Output the whole listing exactly, with no pictures.

PROVIDED DATA »
= = = =
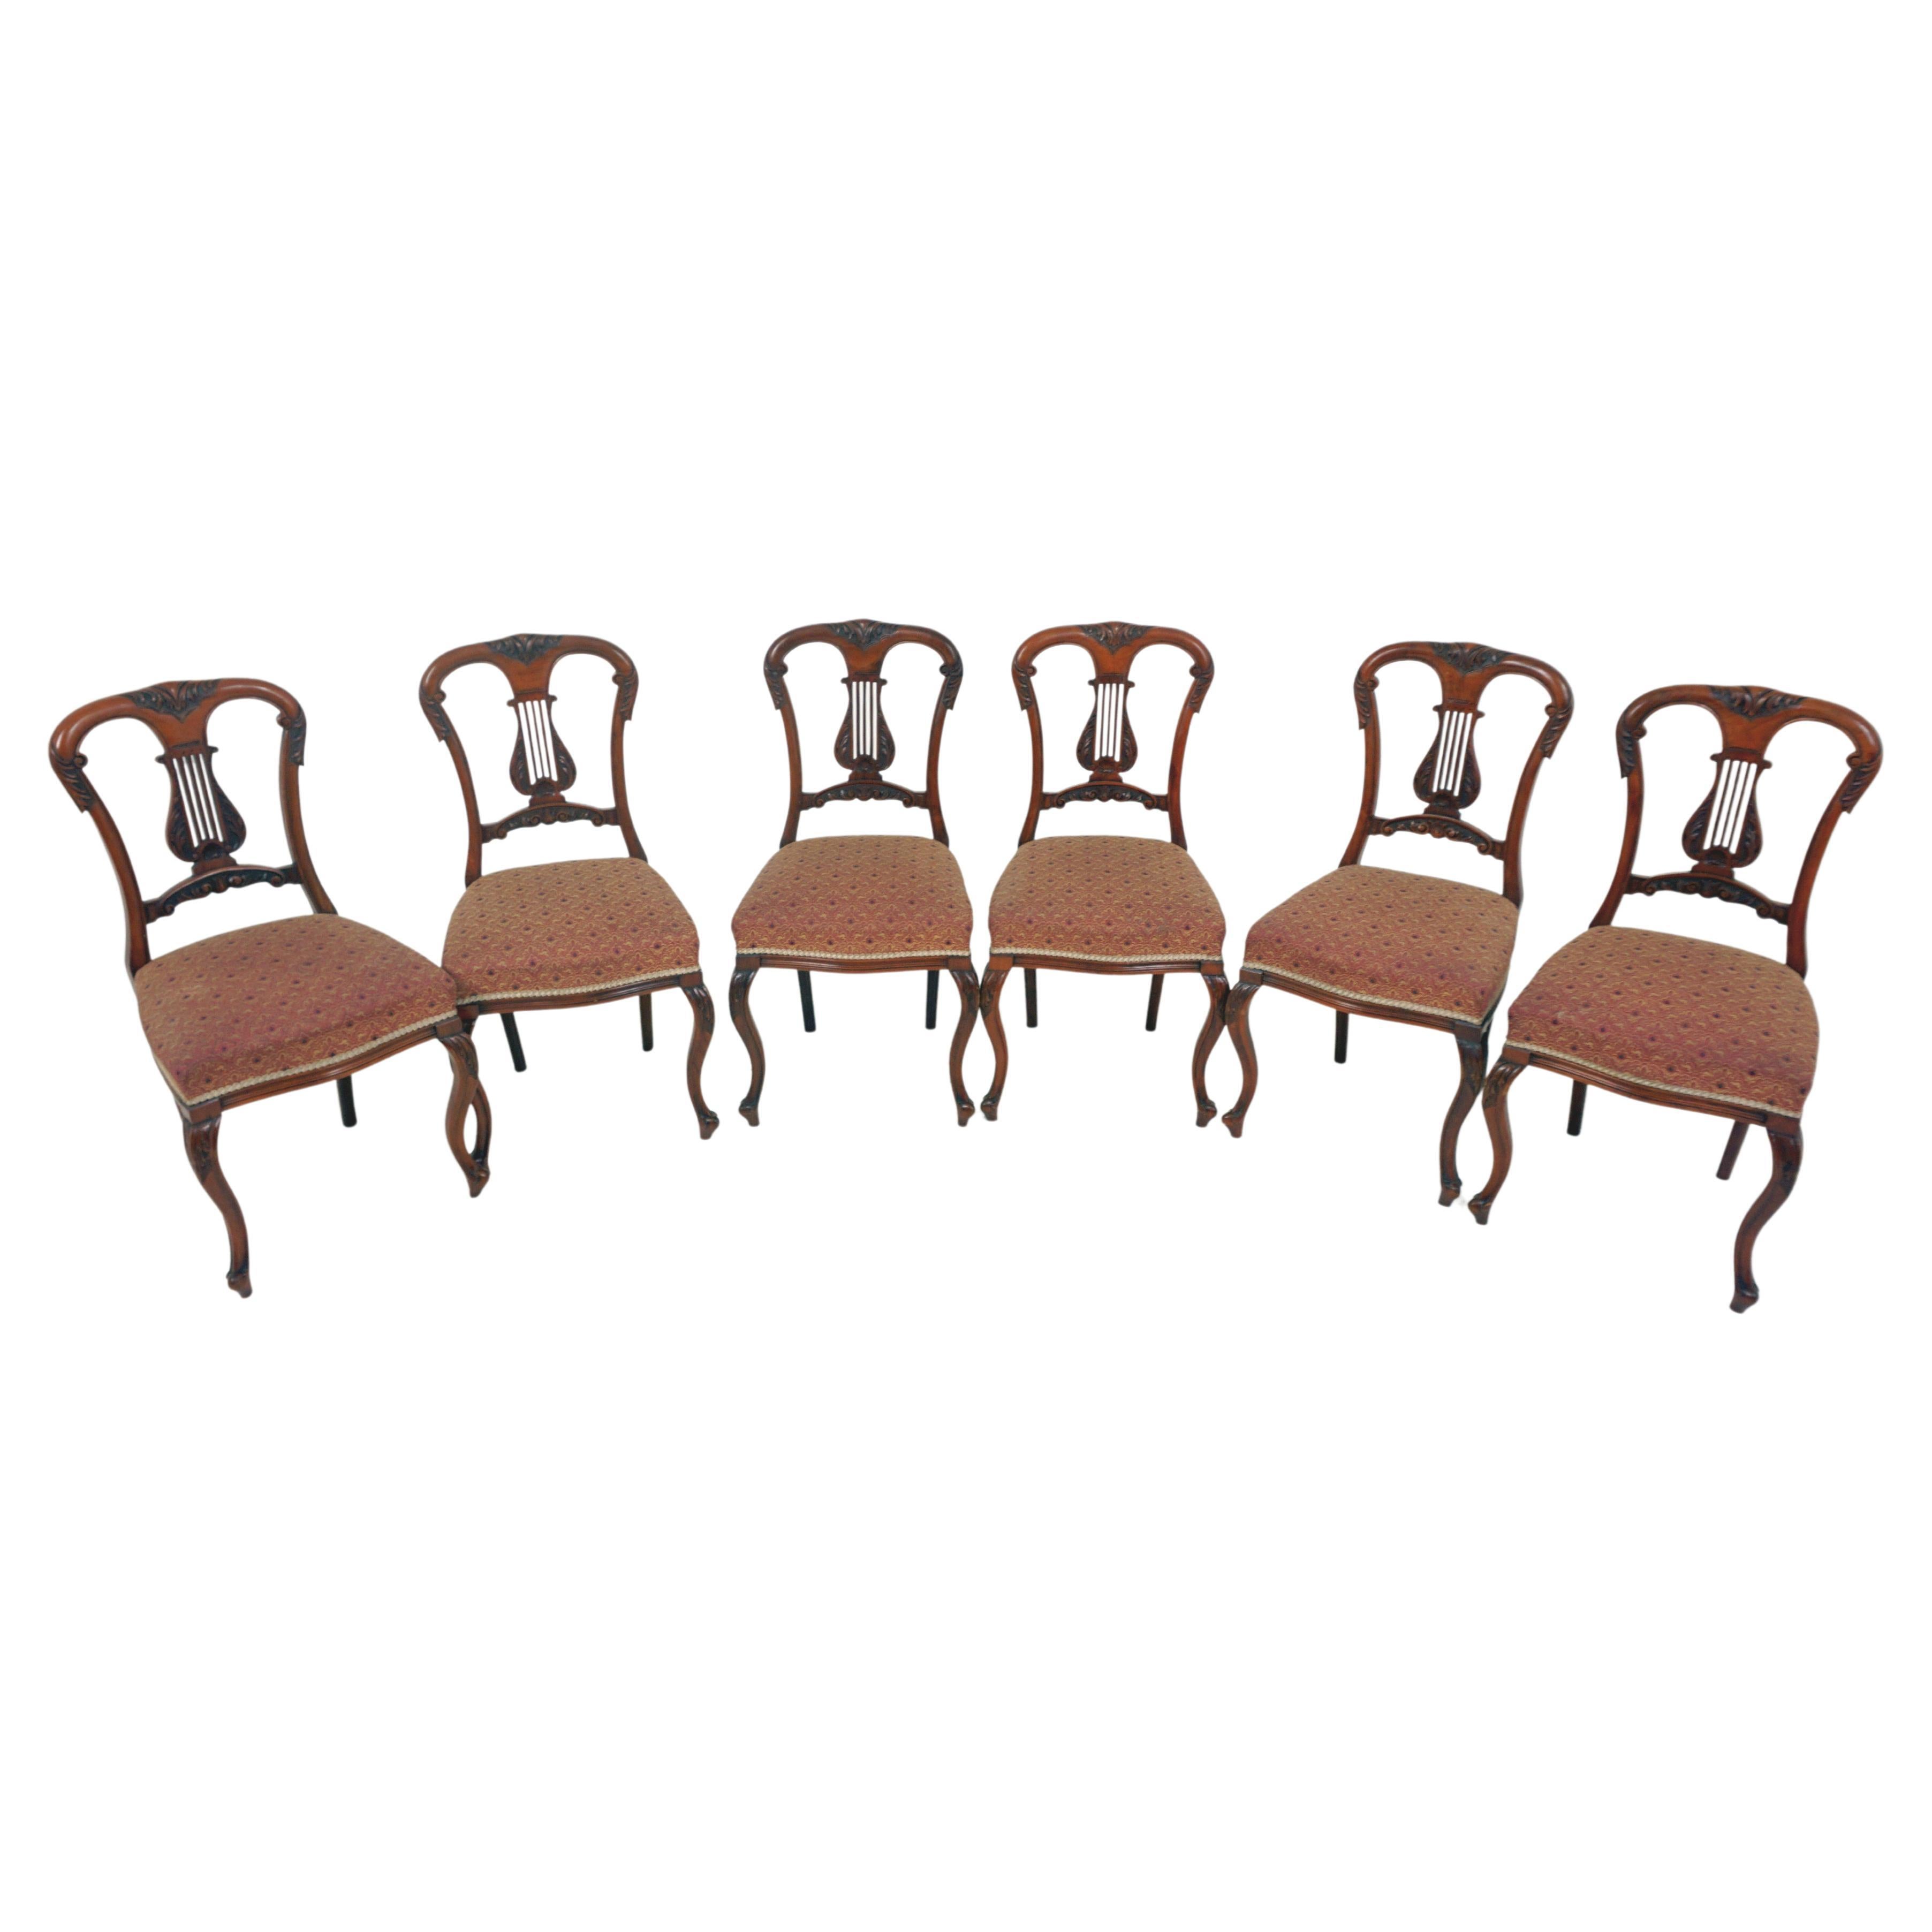 Set of 6 Antique Victorian Carved Walnut Dining Chairs, Scotland 1890, H223
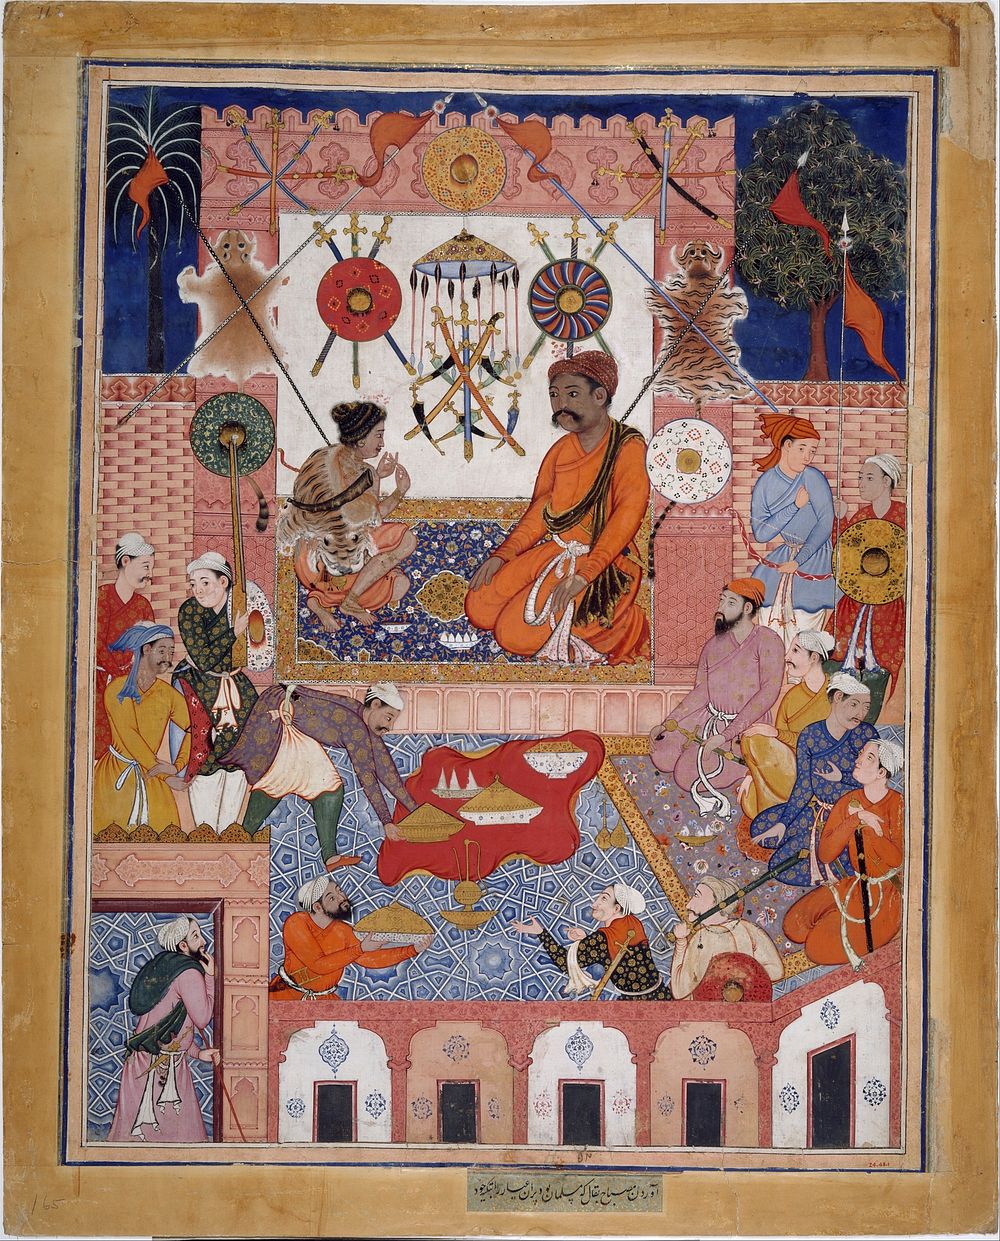 "Misbah the Grocer Brings the Spy Parran to his House", Folio from a Hamzanama (The Adventures of Hamza) attributed to…
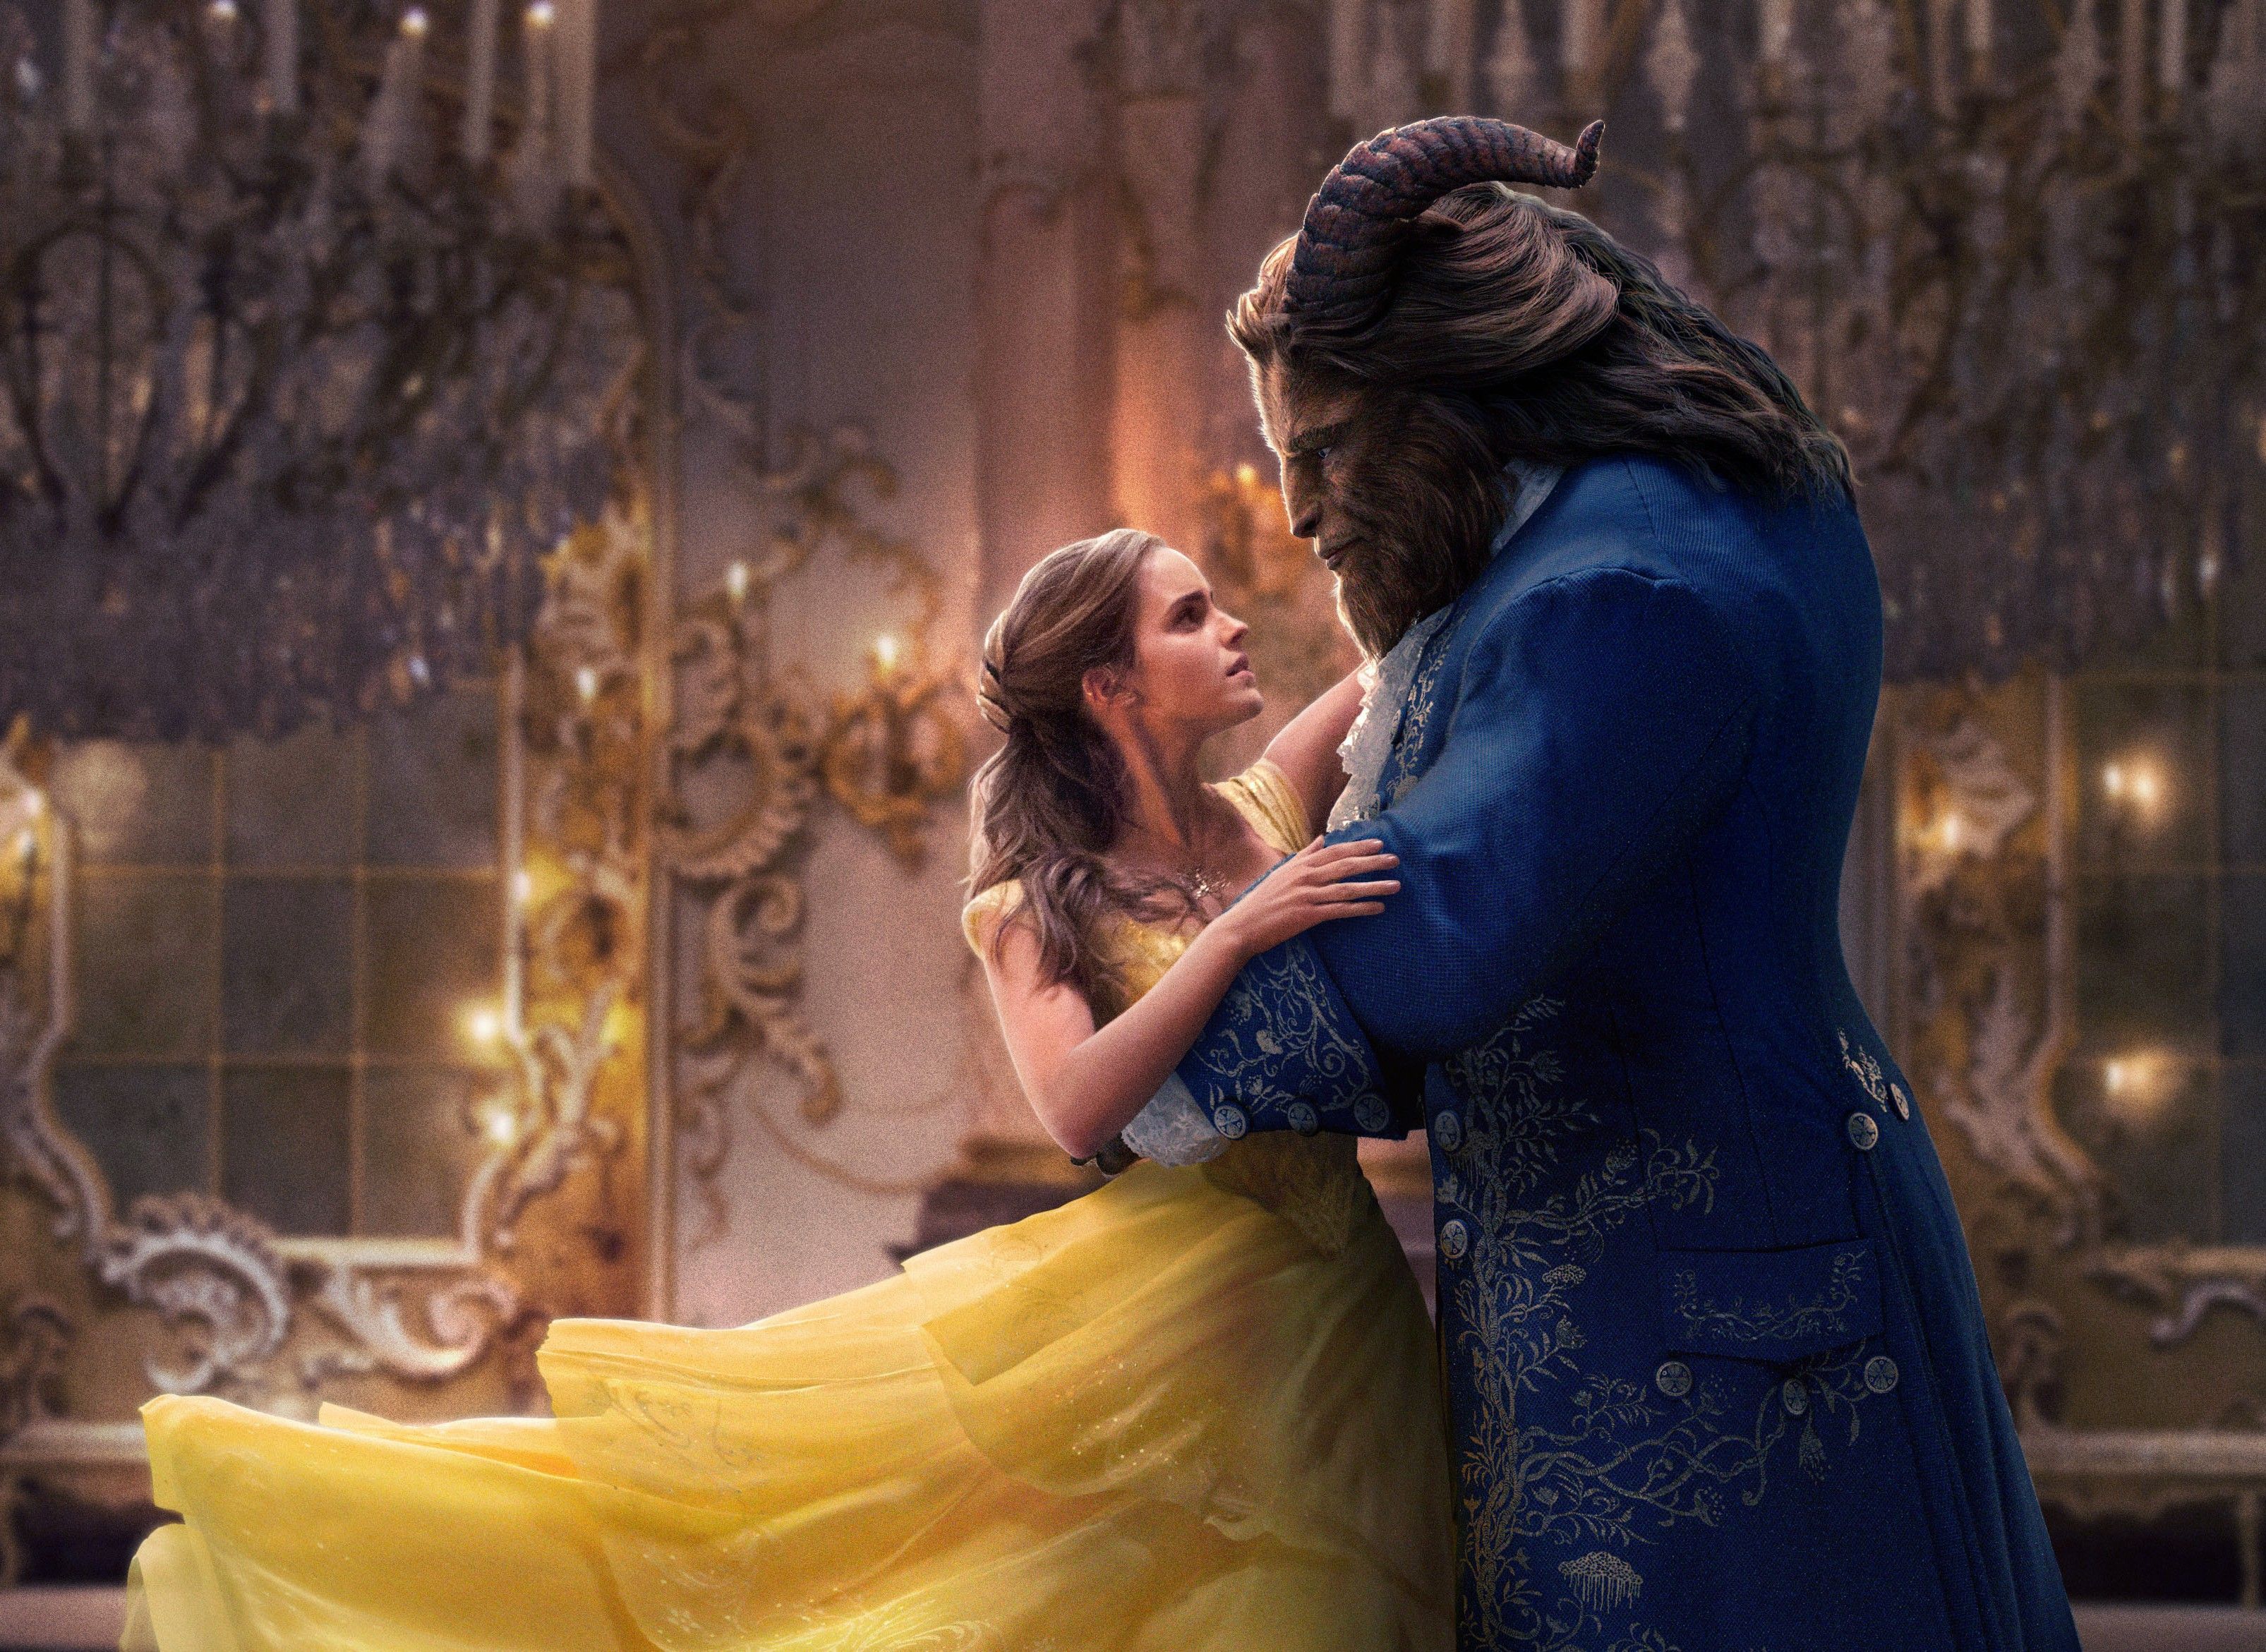 Beauty And The Beast Wallpaper Wallpaper
= = = =
RESPONSE AREA »
 Set of 6 Antique Victorian Carved Walnut Dining Chairs, Scotland 1890, H223
 "Misbah the Grocer Brings the Spy Parran to his House", Folio from a Hamzanama (The Adventures of Hamza) attributed to…
 Beauty And The Beast Wallpaper Wallpaper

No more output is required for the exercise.